I've seen plenty of cases on older servers where running on all CPUs of single socket was FASTER than all CPUs of two sockets, but that's much less common these days because each socket has it's own memory system.

I can assure you that the entire server market and high end desktop market isn't running 2 to 8 time the memory bandwidth just for fun. The bandwidth is expensive and justified.

1 comments

An application being cache-unfriendly doesn't imply that it will be bandwidth-bound. If the application reads single words from random locations it will be cache-unfriendly and latency-bound. If it reads 1K contiguous bytes from random locations it will be cache-unfriendly and possibly bandwidth-bound. If it scans the entire memory space sufficiently quickly it may be both cache-friendly and still bandwidth-bound.

I can't speak for the server market, but I'm certain that the high-end desktop market is composed primarily of people who do run top-of-the-line specs just for fun.

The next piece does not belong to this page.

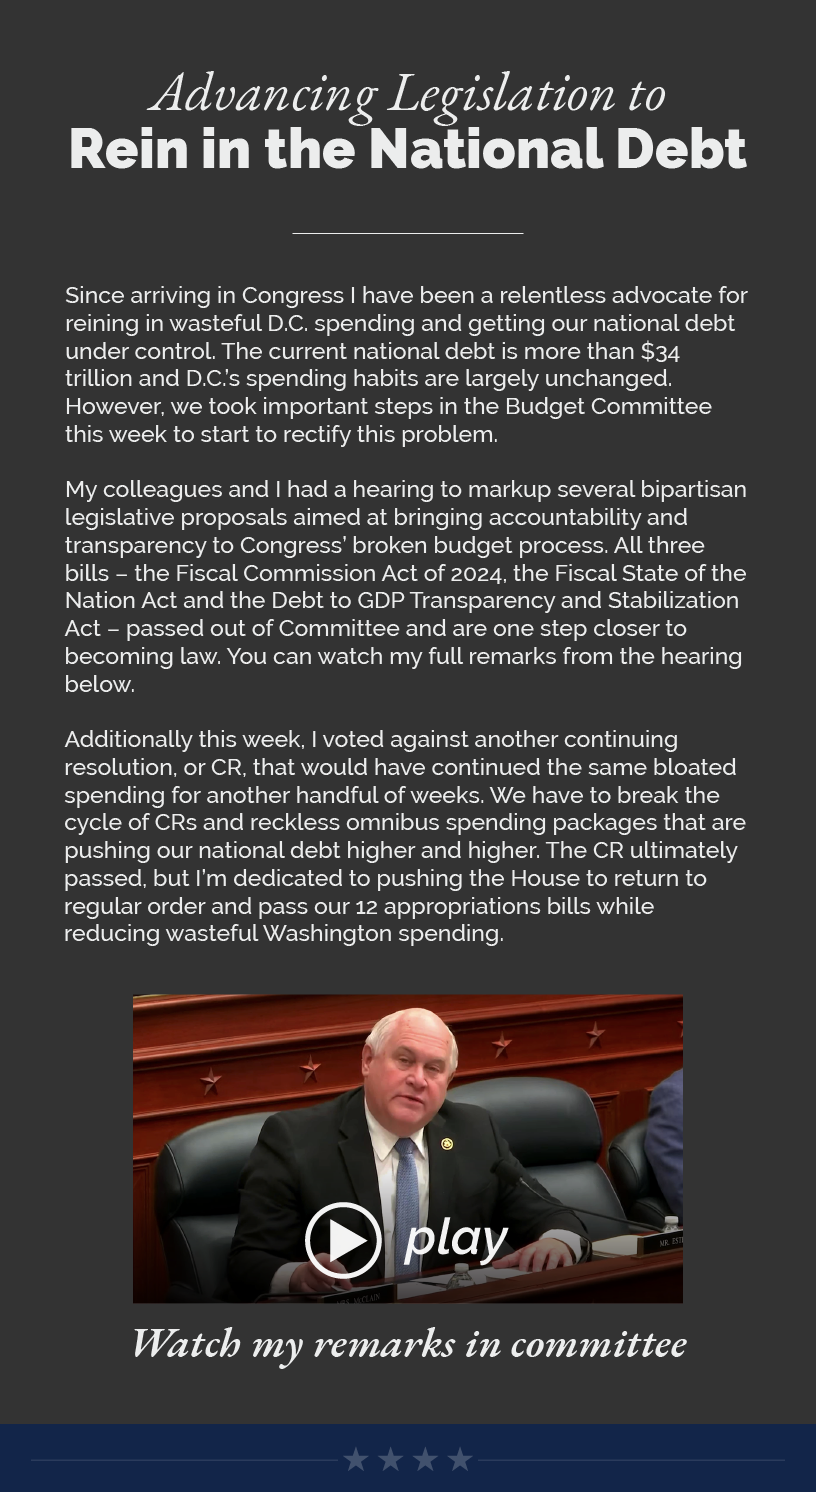 Headline: Advancing Legislation to Rein in the National Debt. Since arriving in Congress I have been a relentless advocate for reining in wasteful D.C. spending and getting our national debt under control. The current national debt is more than $34 trillion and D.C.’s spending habits are largely unchanged. However, we took important steps in the Budget Committee this week to start to rectify this problem.  My colleagues and I had a hearing to markup several bipartisan legislative proposals aimed at bringing accountability and transparency to Congress’ broken budget process. All three bills – the Fiscal Commission Act of 2024, the Fiscal State of the Nation Act and the Debt to GDP Transparency and Stabilization Act – passed out of Committee and are one step closer to becoming law. You can watch my full remarks from the hearing below.  Additionally this week, I voted against another continuing resolution, or CR, that would have continued the same bloated spending for another handful of weeks. We have to break the cycle of CRs and reckless omnibus spending packages that are pushing our national debt higher and higher. The CR ultimately passed, but I’m dedicated to pushing the House to return to regular order and pass our 12 appropriations bills while reducing wasteful Washington spending.  LINK: https://www.youtube.com/watch?v=__vee2Uhf2E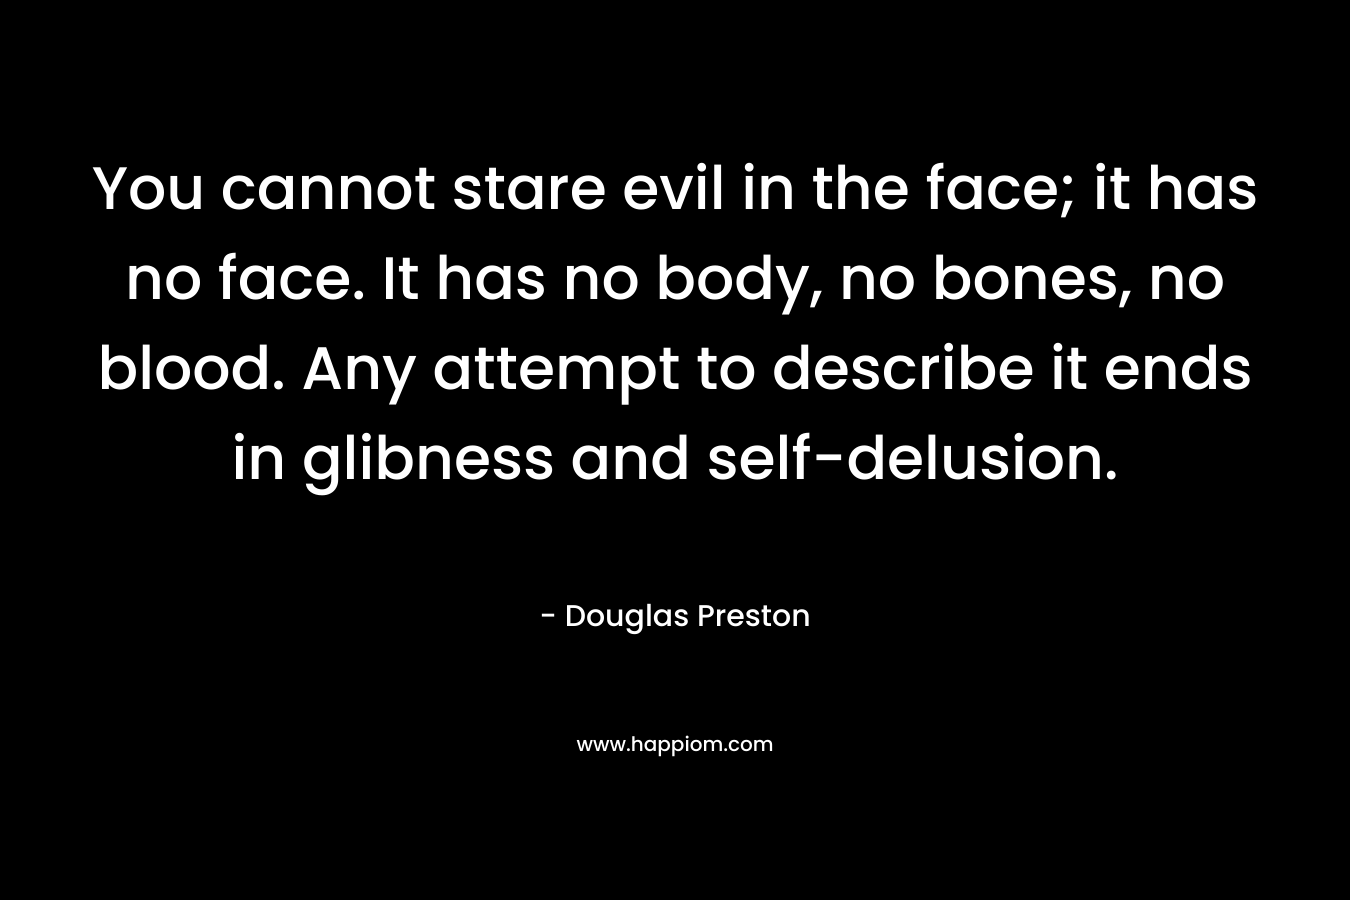 You cannot stare evil in the face; it has no face. It has no body, no bones, no blood. Any attempt to describe it ends in glibness and self-delusion. – Douglas Preston

Correct, an application that reads single words from random locations will be cache unfriendly and latency bound. However additional memory channels means you can run more of them and get better throughput.

Personally I bought more cores when I can and find that the average and best case are very similar to CPUs with less cores, but the worst case performance is much better. With 8 CPUs I find that the browser, plex, processing batches of photos, transcoding video, running a minecraft server and other random duties have much less of an impact on normal desktop use.

It used to be MUCH easier to be I/O bound with spinning disks, but with the new M.2 SSDs some pretty impressive I/O rates are possible (random or sequential), which makes it easier to be CPU limited.